In the meantime, it would be nice if there were a political decision of whether “sex” as used in Title IX means whatever Catherine Lhamon wants it to mean, since the judicial branch of government will defer to the political will of one person.  And if Congress can’t be bothered to deal with Lhamon’s recreation of Title IX in her peculiar image, then perhaps the legislative branch of government is telling us that whatever Lhamon decides is cool with them.


9 thoughts on “Beware The Dictum: The 4th Circuit’s Discovery Of The Meaning Of Sex

  1. Richard G. Kopf


    I used to write long opinion (479 pages plus attachments in one case). My excuse was that I was dumb. Writing helped me think less incoherently. Then I realized how stupid I was to inflict my stupid on others.

    I try to be less stupid now, although terminal dumb can’t really be changed. It is a conundrum.
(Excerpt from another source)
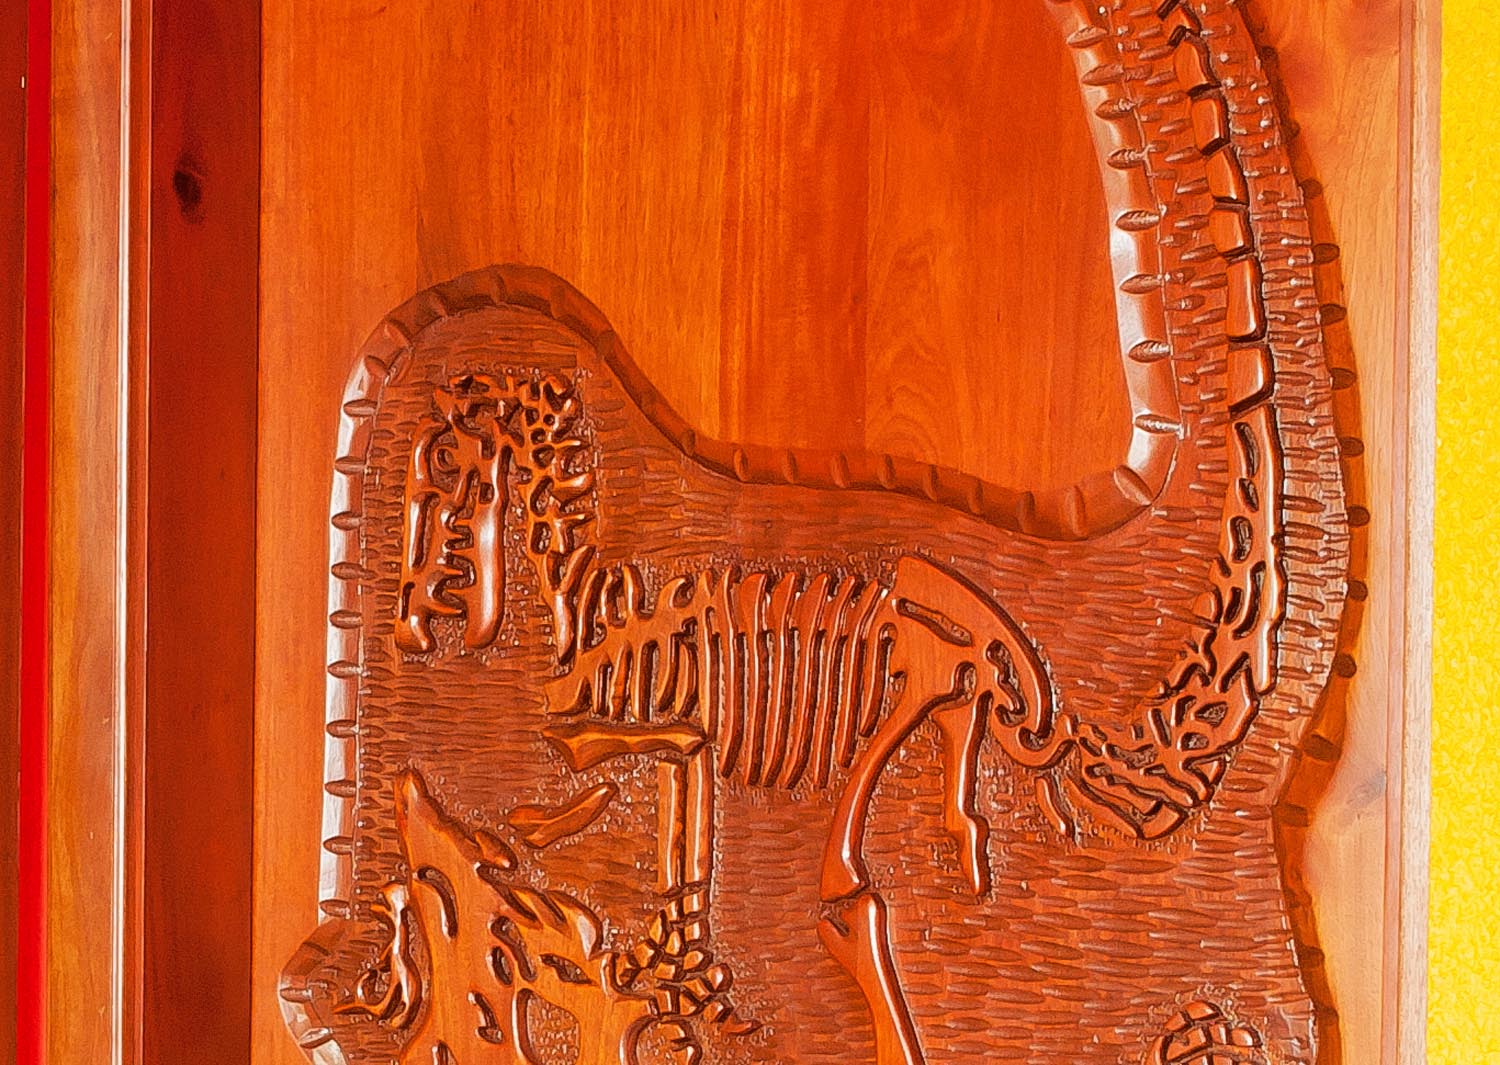 Dinosaur skeleton carving. Mahogany, light walnut stain.

I wish I knew what that word meant, but I read it somewhere in a very long opinion by a really smart judge. Having used the word “conundrum,” and not knowing the meaning of the word, I wonder whether a trigger warning is necessary. I don’t know. Some things are inexplicable, but I don’t understand that word either.

    All the best.


      1. John Barleycorn

        It’s cool with them legi-bots and as an additional added bonus “The United States never pay costs.*”.
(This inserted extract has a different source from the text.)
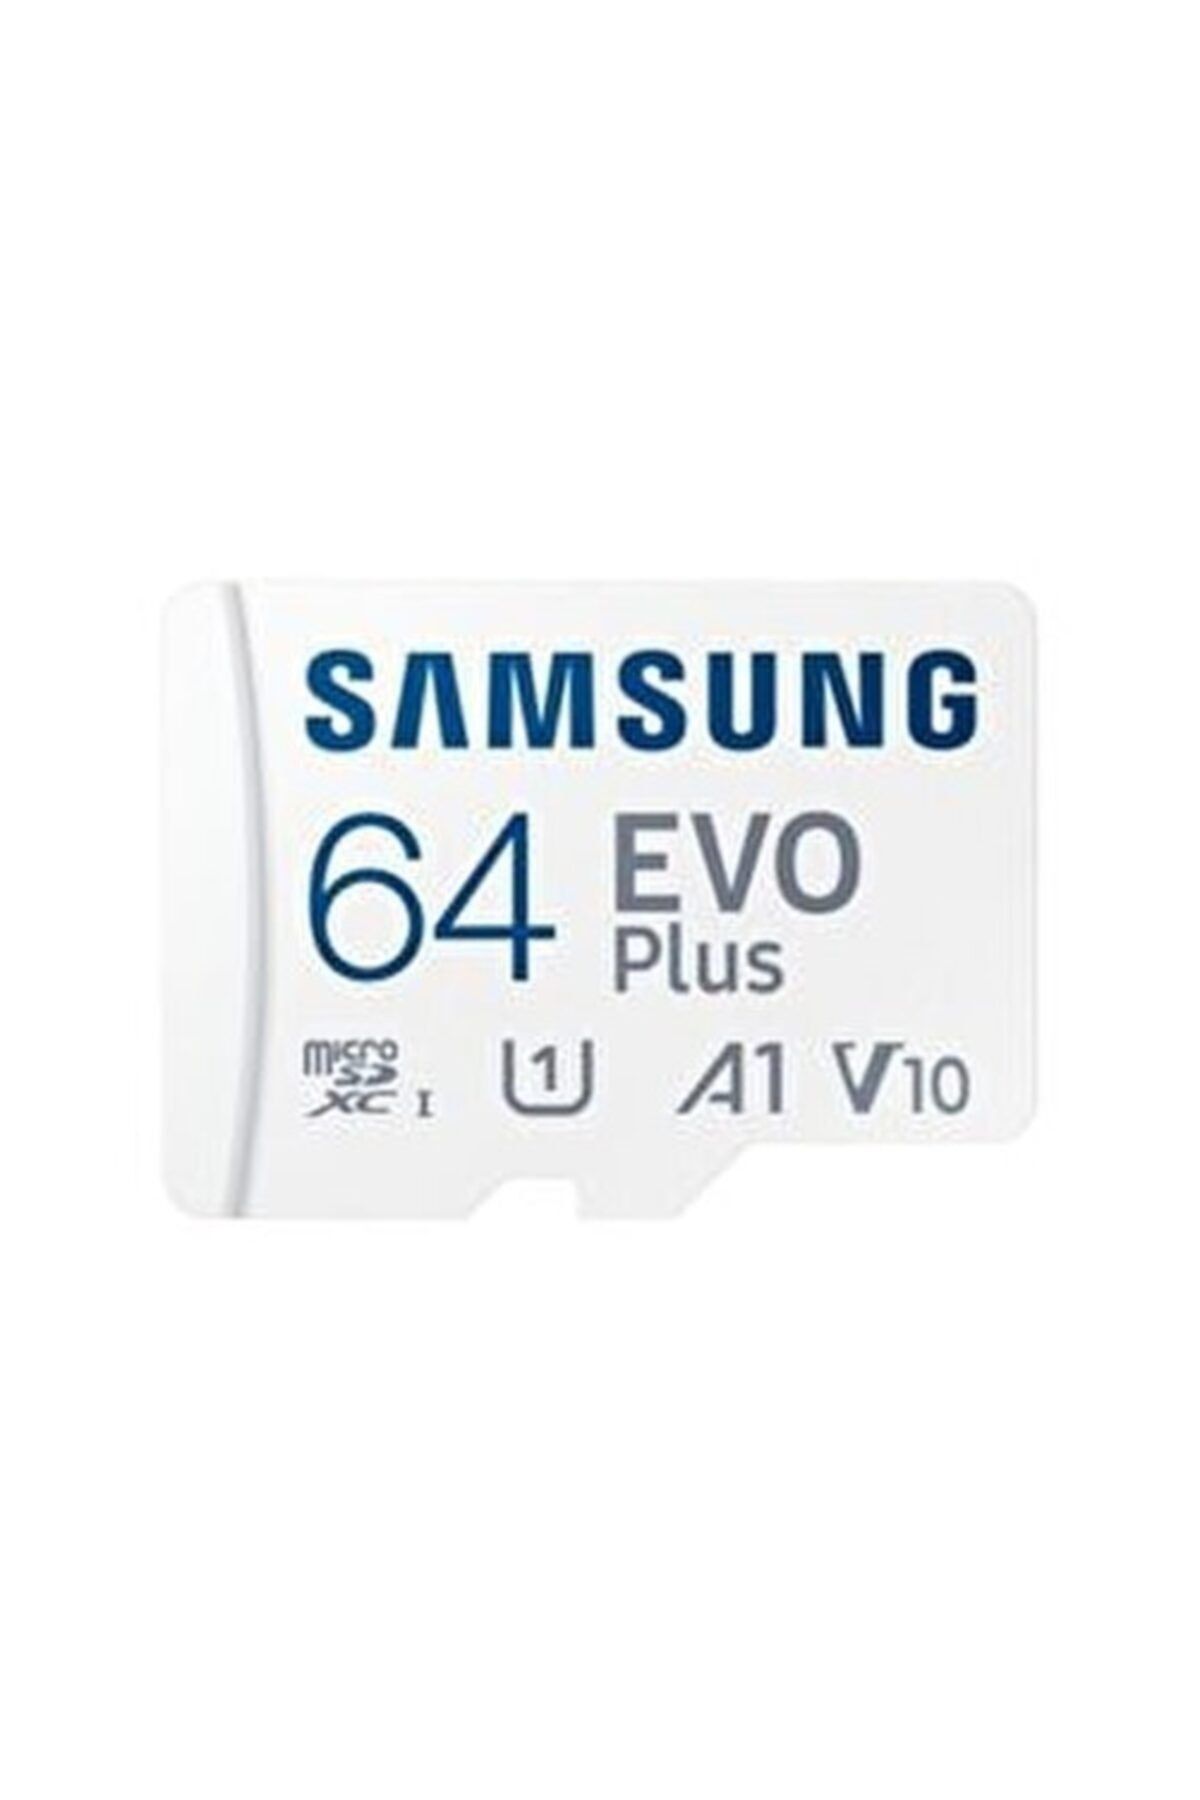 Samsung 64gb Microsd Pro Class10 (90-80MB/SN) Hafıza Kartı Sd Adaptör Mb-mg64da/tr

        *One of the shortest supreme opinions I do believe. And simple “hell no” would have sufficed.

        P.S. There is a “lawyers are full of shit and the judge insisted on describing the wipe” bathroom joke floating around in here some where.

    1. MonitorsMost

      Judge Kopf,
      If I recall correctly, you apologized in the opinion for its length, thus adding an additional 1/3 of a page.

  2. Franklin Michaels

    On the approach of the 4th Circuit’s majority, Andrew Miltenberg’s complaint in Colorado includes the argument that the Dear Colleague Letter shouldn’t be entitled to agency deference where it reversed the DOE’s position of 30 years without so much as an explanation, let alone compliance with APA niceties. But coincidentally, 30 years is precisely the period of time in which the issue of an agency’s reversal of it’s prior position was argued before the Supreme Court earlier this week in Encino Motorcars v. Navarro.

    So unless I egregiously misread, this part of the discussion might very well be resolved by the end of June. TBD.

    1. SHG Post author

      There are similarities, but there are also huge differences. In Encino Motorcars v. Navarro, when went through the requisite notice and comment for regulation. Here, they did nothing more than announce a completely different rule (which they call guidance, since it didn’t go through notice and comment) pulled out of their ass.

      1. Franklin Michaels

        Yabut – at least per SCOTUS blog – the Labor Depart change of heart may be in trouble because of the 30 year gap, notwithstanding exercise in notice and comment when it got around to changing it’s mind. So while a victory for government in Encino Motors would likely leave Miltenberg’s APA (and strongest) issues against the validity of The Letter intact, either an outright win for Encino Motors or a remand to consider the effect of the 30 year gap could be somewhere between huge and dispositive for the home team.